Explicit solution of $\kappa^2u''-f(u)=0$ with certain boundary conditions

Question

Let $f(x) = -x+\frac18\ln\frac{1+x}{1-x}$ and $F(x)$ be its primitive, i.e., $$ F(x) = -\frac12 x^2 +\frac18 [(1+x)\ln(1+x)+(1-x)\ln(1-x)]. $$ Let $M\in (0,1)$ be the unique zero point of $f(x)$. I wonder if it is possible to derive the explicit solution of the following problem $$ \begin{cases} \kappa^2 u'' - f(u) = 0, \\ u(0)=u'(\frac{\pi}{2})=0,\ u(\frac{\pi}{2})=M, \end{cases} $$ where $\kappa>0$ is a constant.
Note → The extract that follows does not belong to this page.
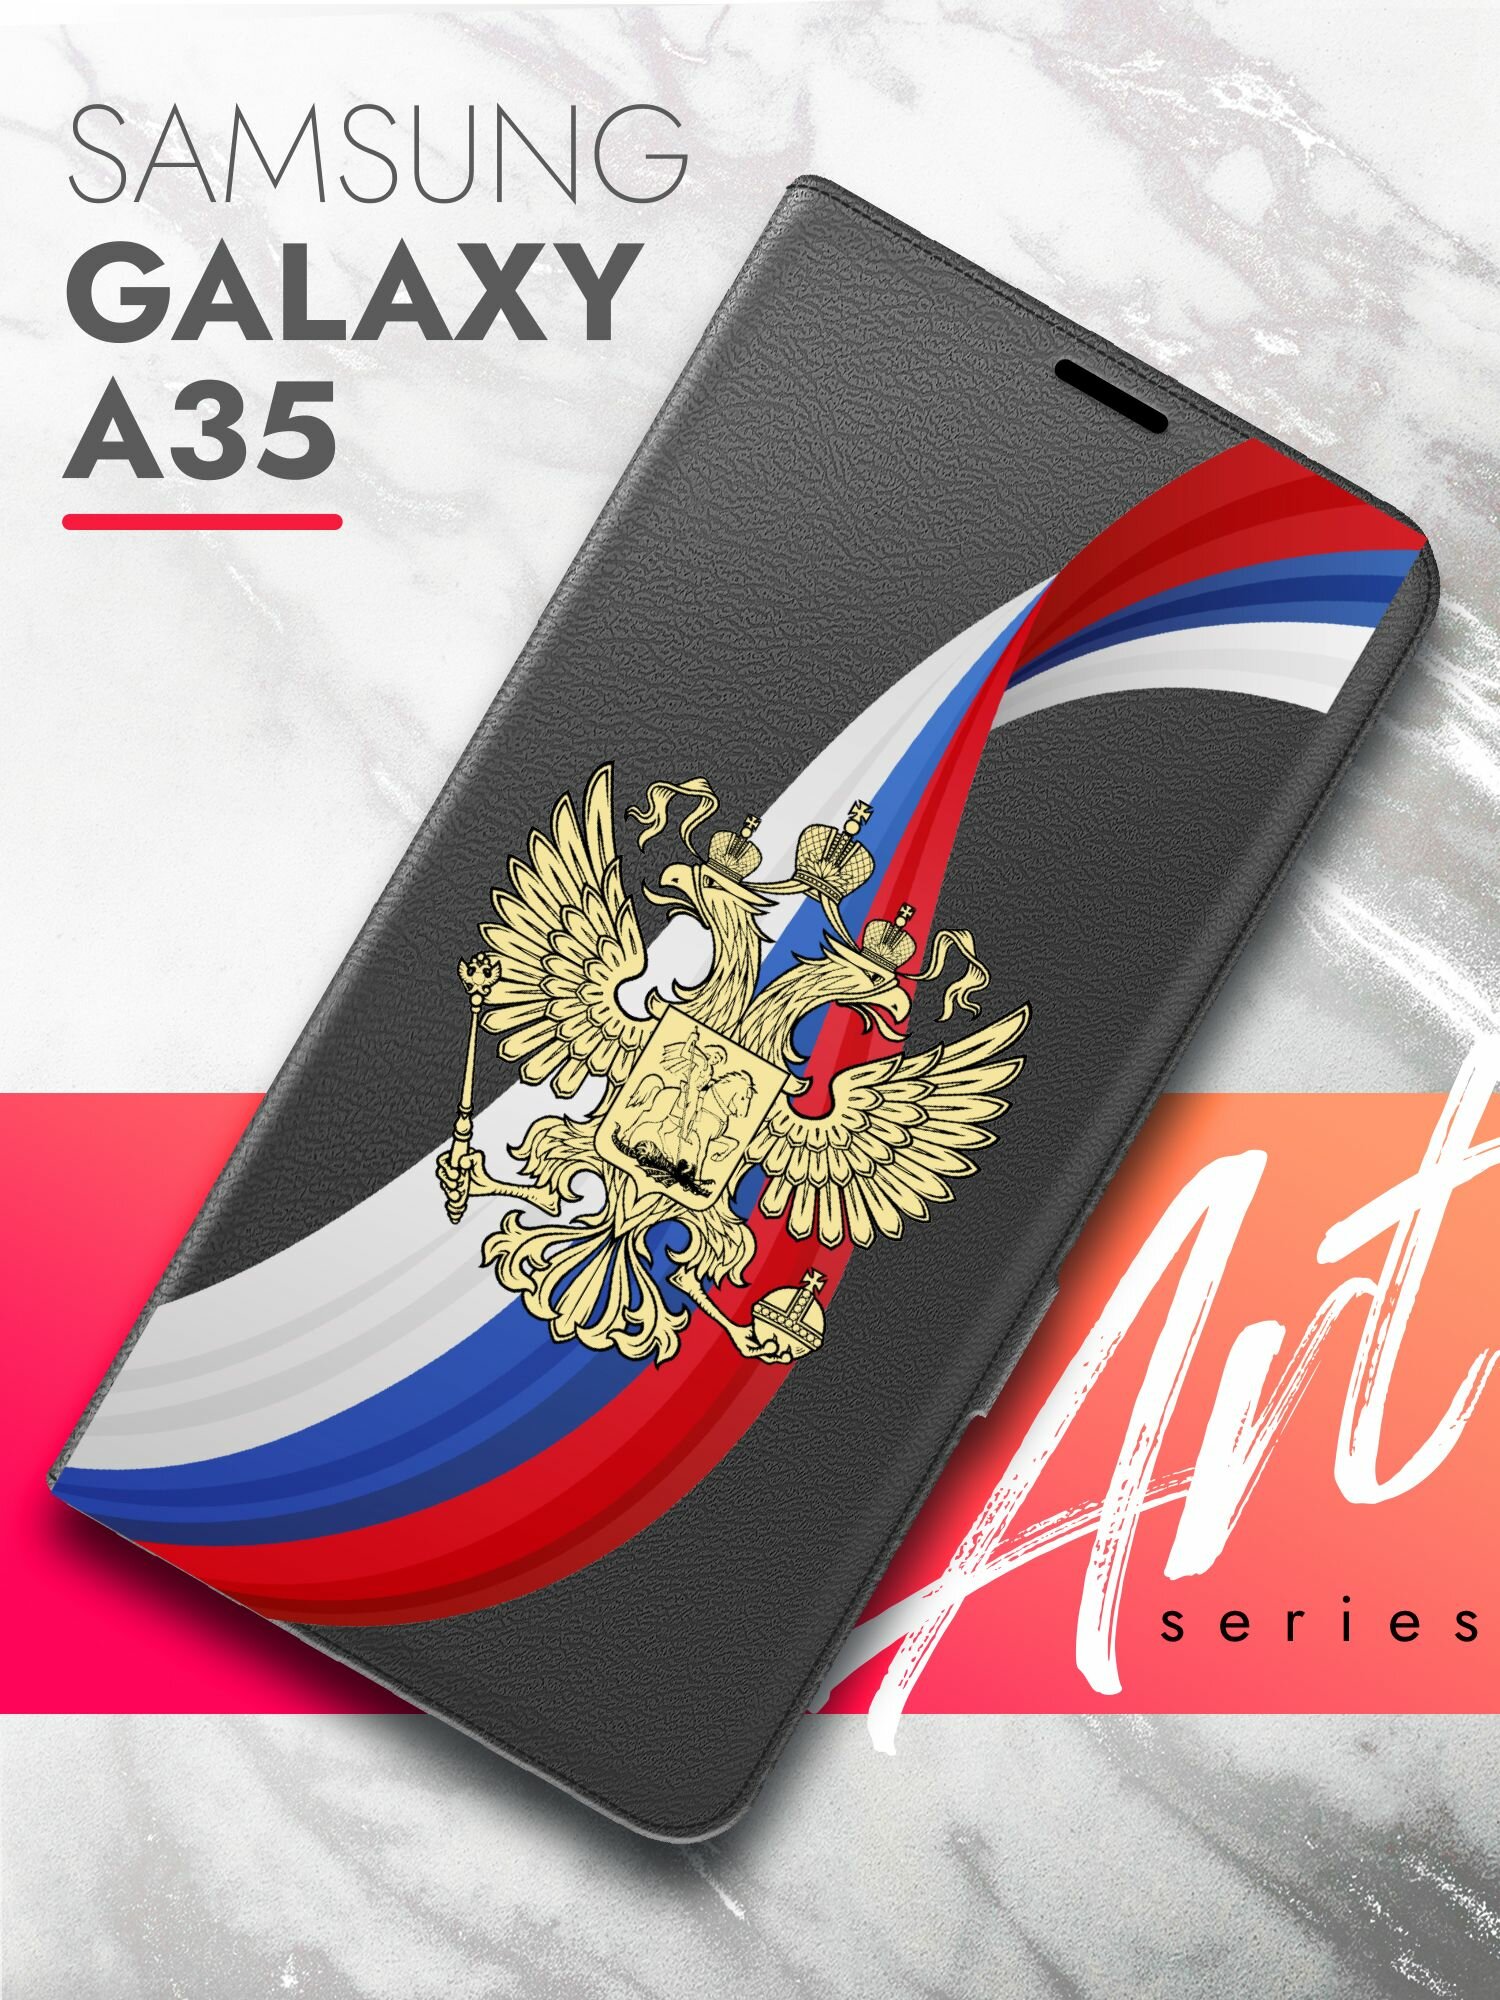 Чехол на Samsung Galaxy A35 (Самсунг Галакси А35) черный книжка экокожа подставка отделение для карт магнит Book case, Brozo (принт) Россия Флаг-Лента

Multiplying the equation by $u'$ and integrating from $x$ to $\frac{\pi}{2}$, we see $$ u'(x) = \frac{\sqrt2}{\kappa} \sqrt{F(u(x) - F(M))}. $$ By separation of variables and integrating, we get $$ \int_0^u \frac{dw}{\sqrt{F(w)-F(M)}} = \int_0^x \frac{\sqrt2}{\kappa} ds = \frac{\sqrt2}{\kappa}x. $$ However, it seems hard to compute the left-hand side integration. Does anyone know how to deal with this kind of integration or any reference about this?